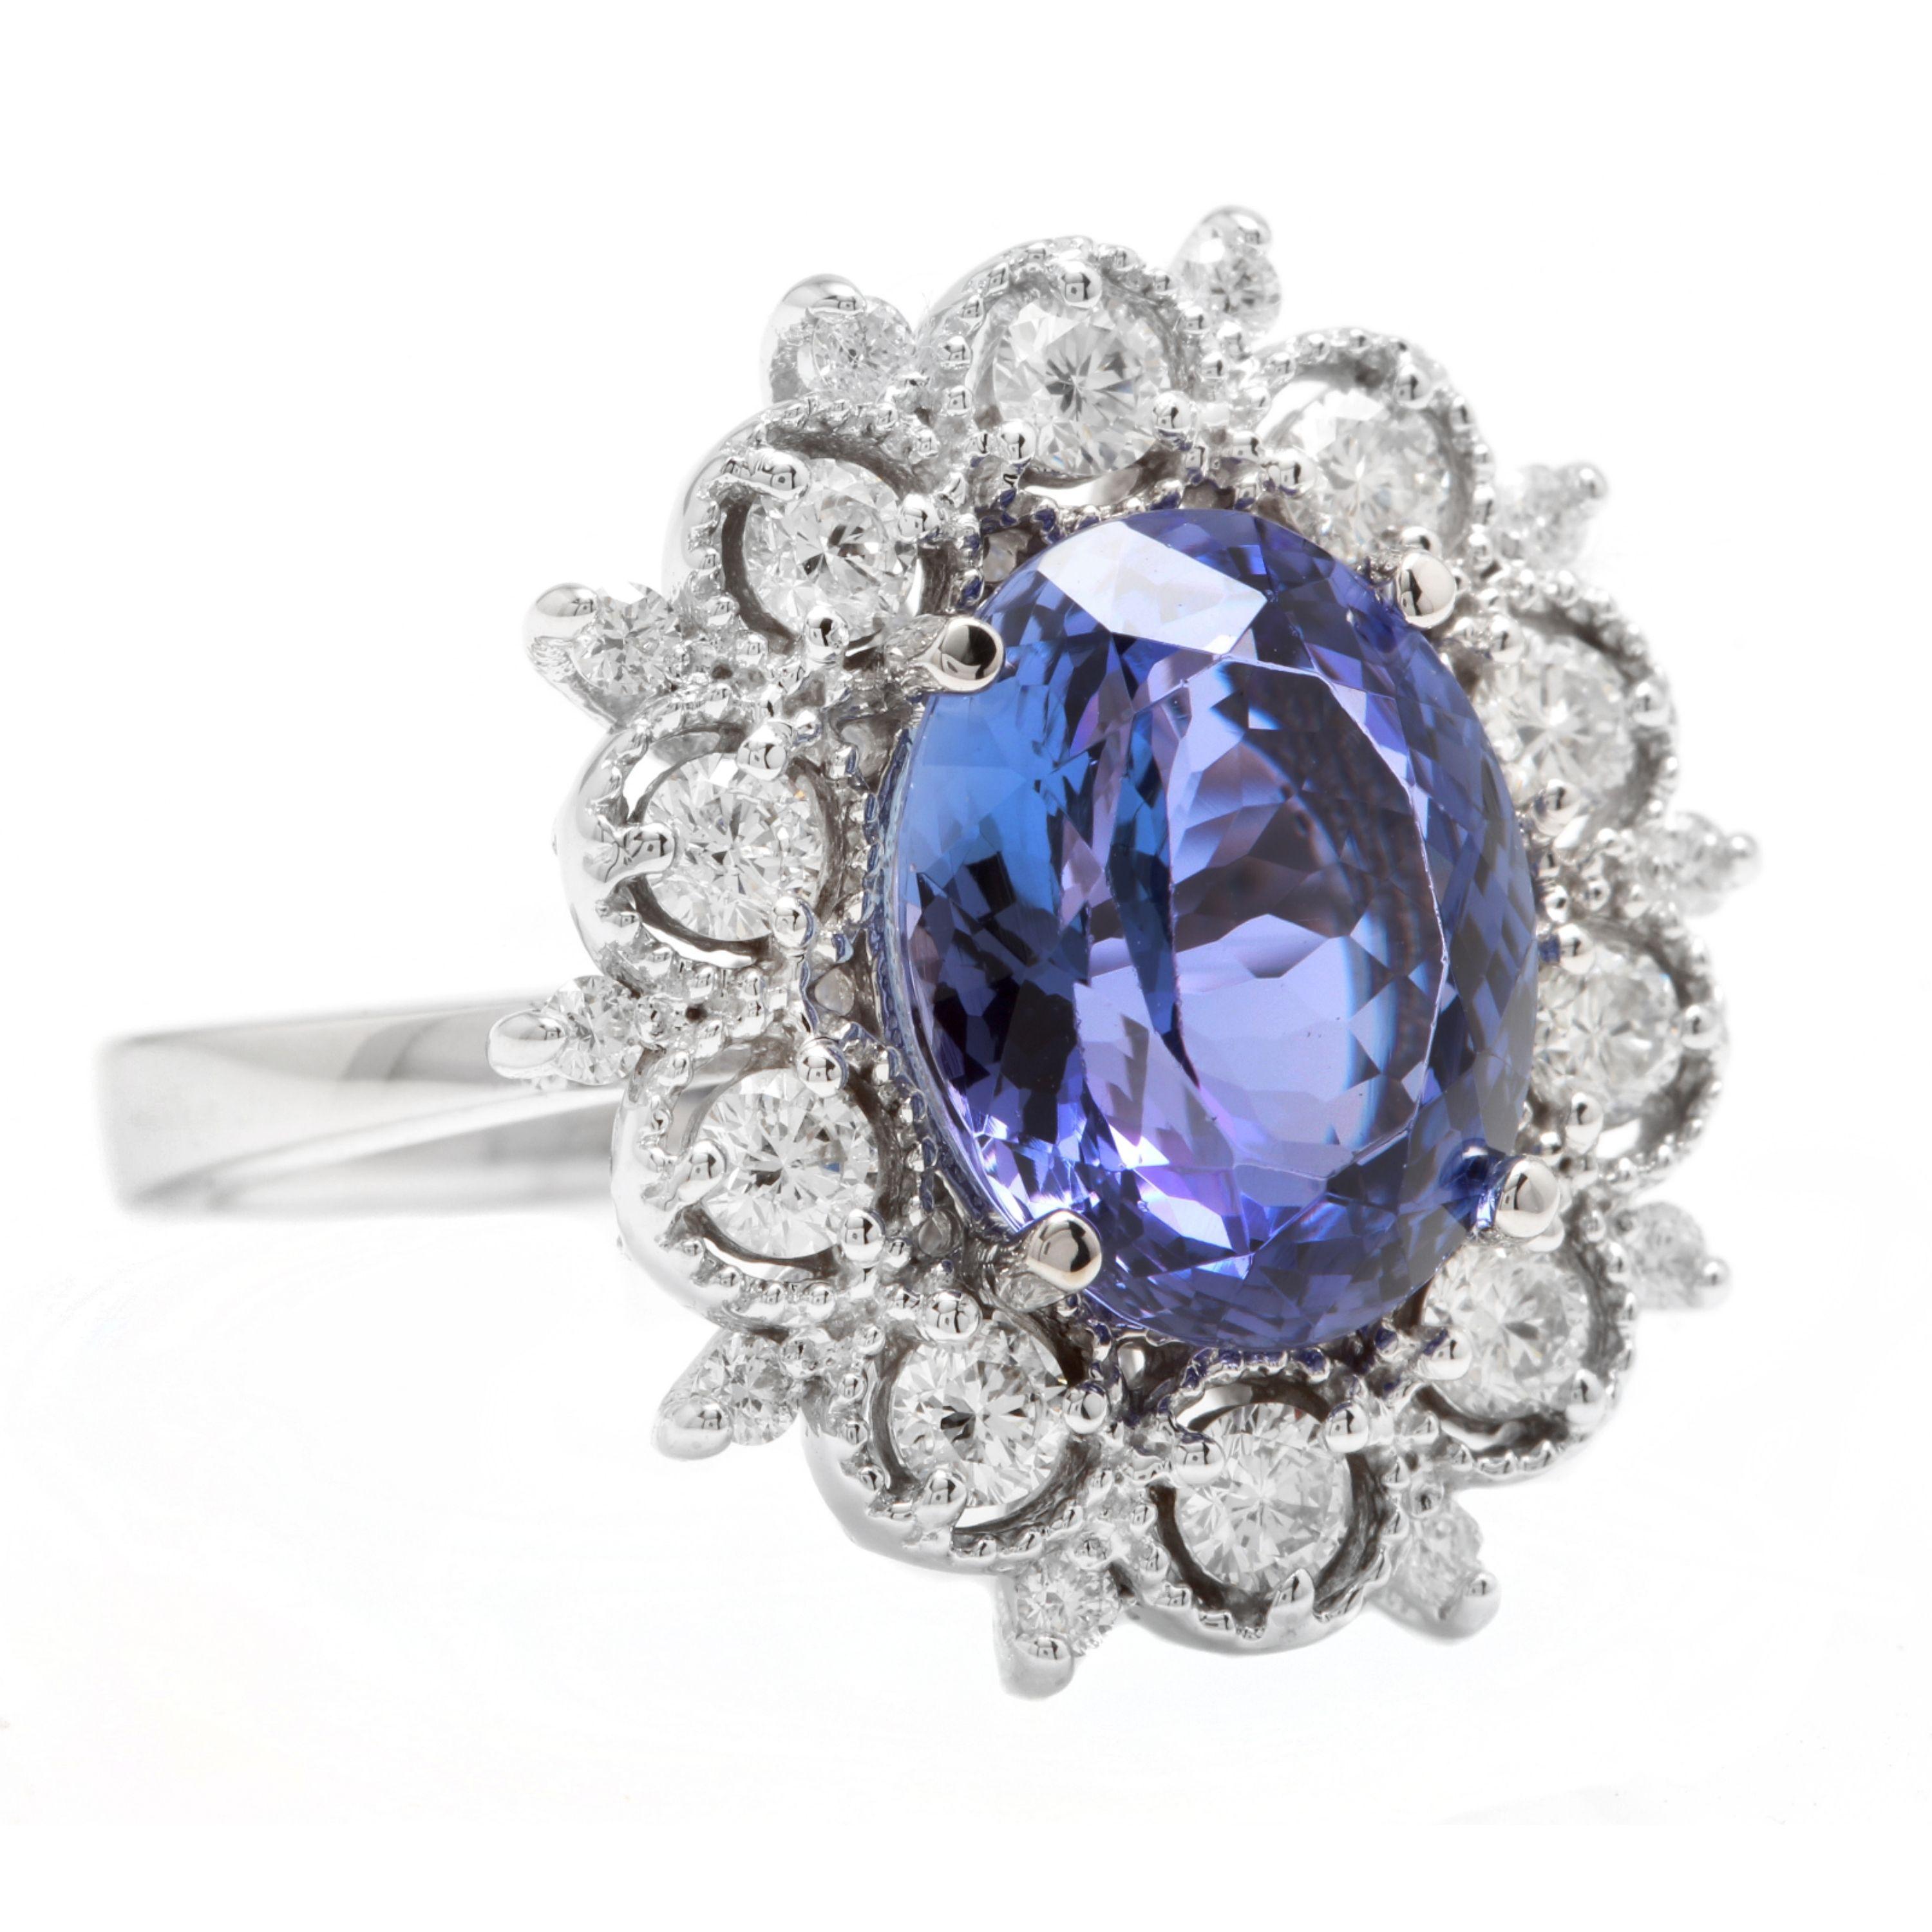 6.30 Carats Natural Very Nice Looking Tanzanite and Diamond 14K Solid White Gold Ring

Total Natural Oval Cut Tanzanite Weight is: Approx. 5.30 Carats

Tanzanite Measures: 12.00 x 10.00

Natural Round Diamonds Weight: Approx. 1.00 Carats (color G-H
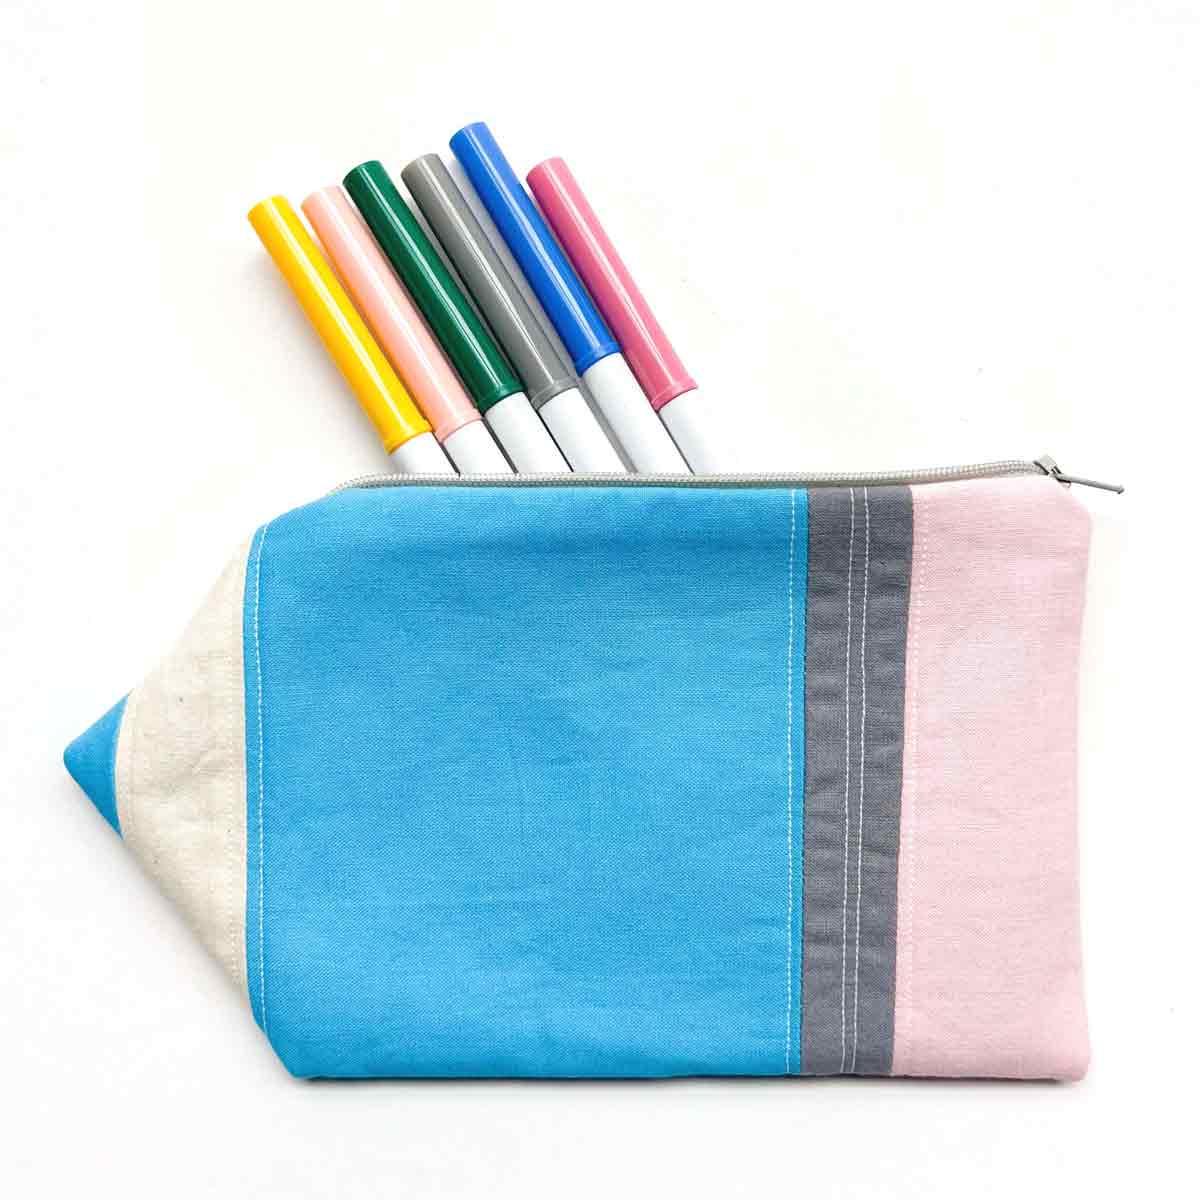 DIY pencil pouch featured image
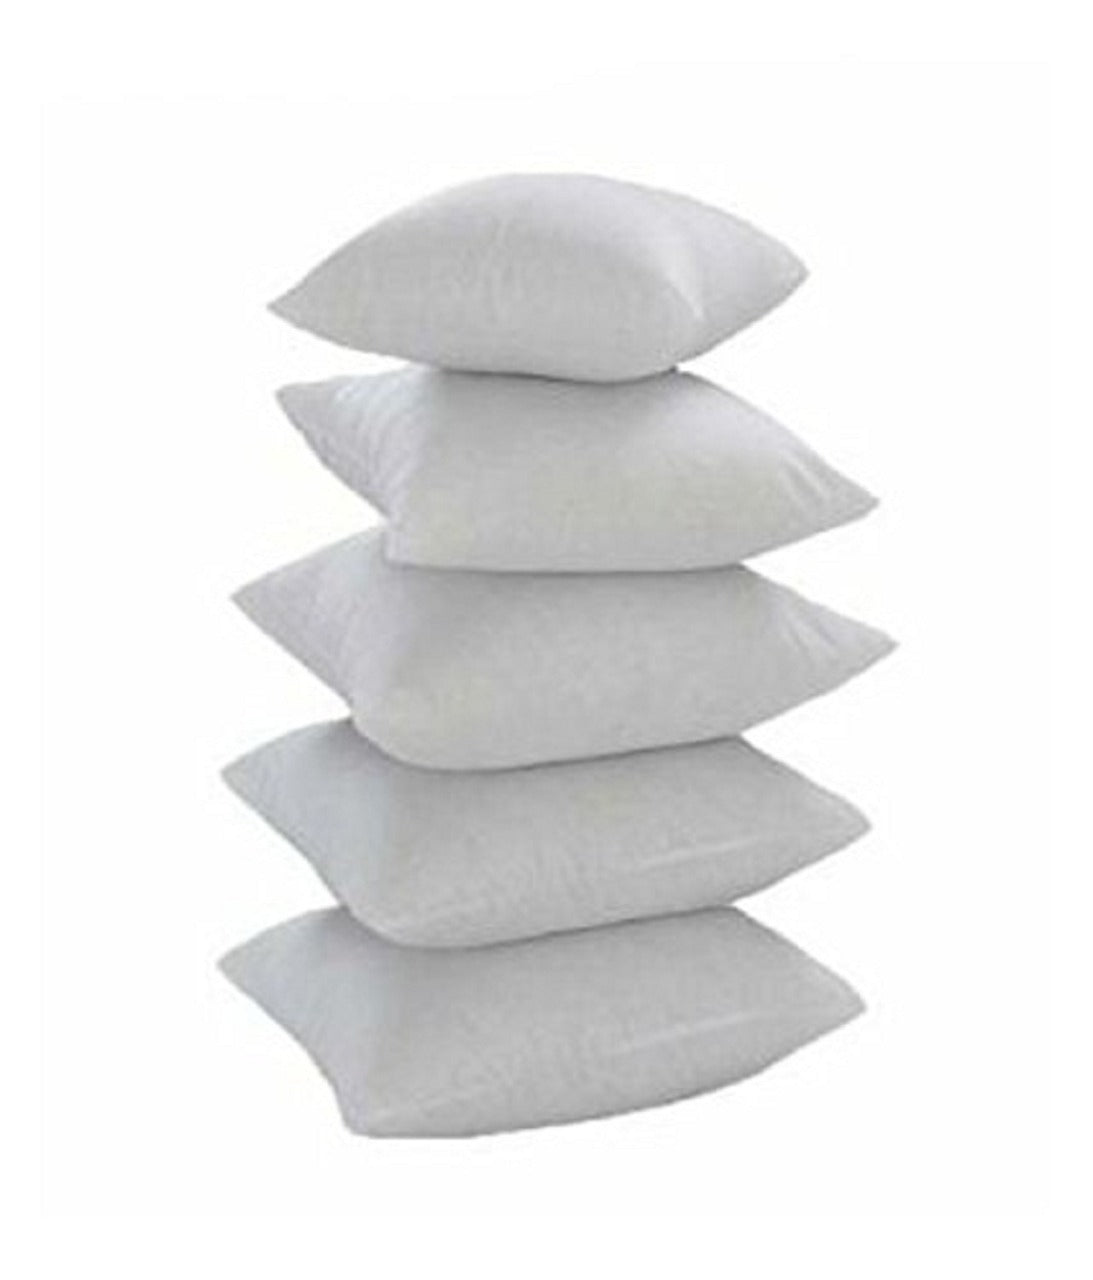 JDX Microfiber Square Soft Cushion Filler for Bed, Sofa, White, 5 Pieces - JDX STORE
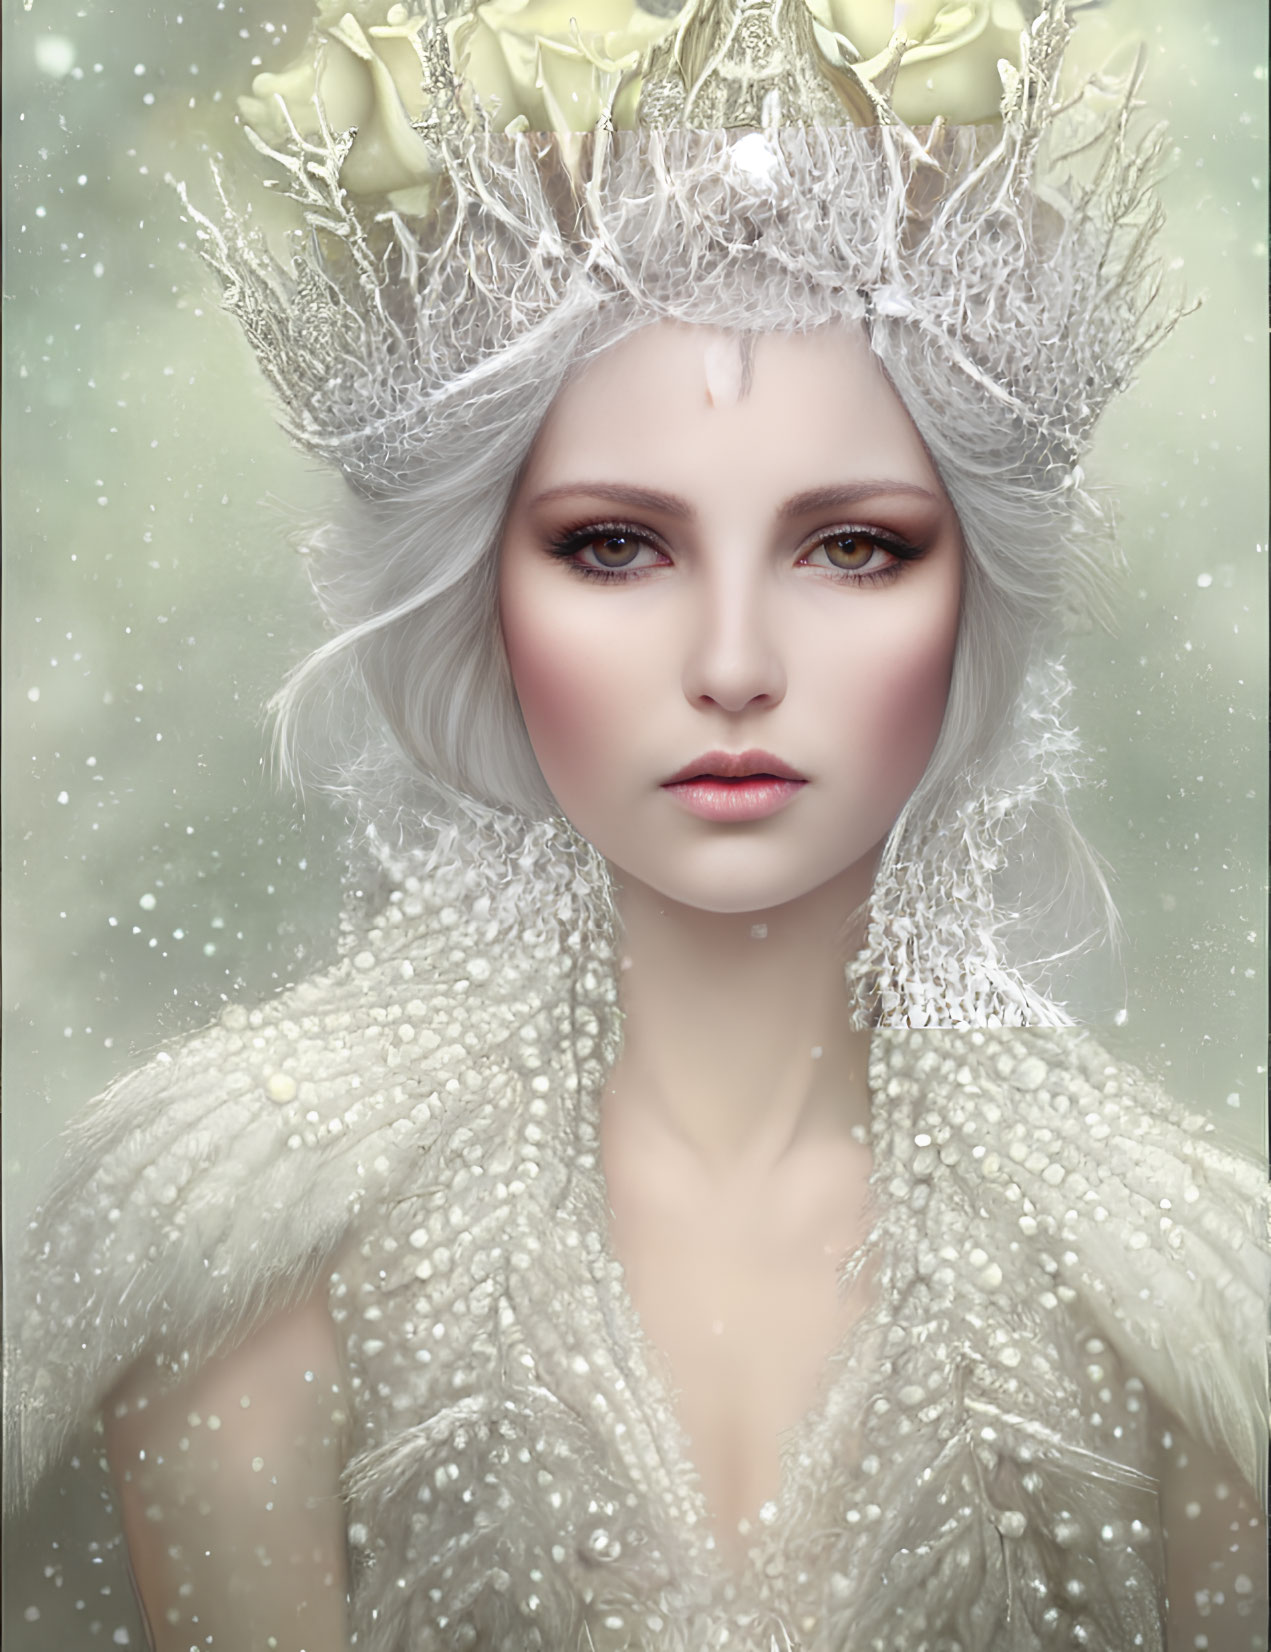 Silver-haired woman in crown and white dress against snowy background

++++++

### Try it
Scan the data above for the word "Weight", then copy every line that holds it.

### Answer to this problem
Total Natural Oval Cut Tanzanite Weight is: Approx. 5.30 Carats
Natural Round Diamonds Weight: Approx. 1.00 Carats (color G-H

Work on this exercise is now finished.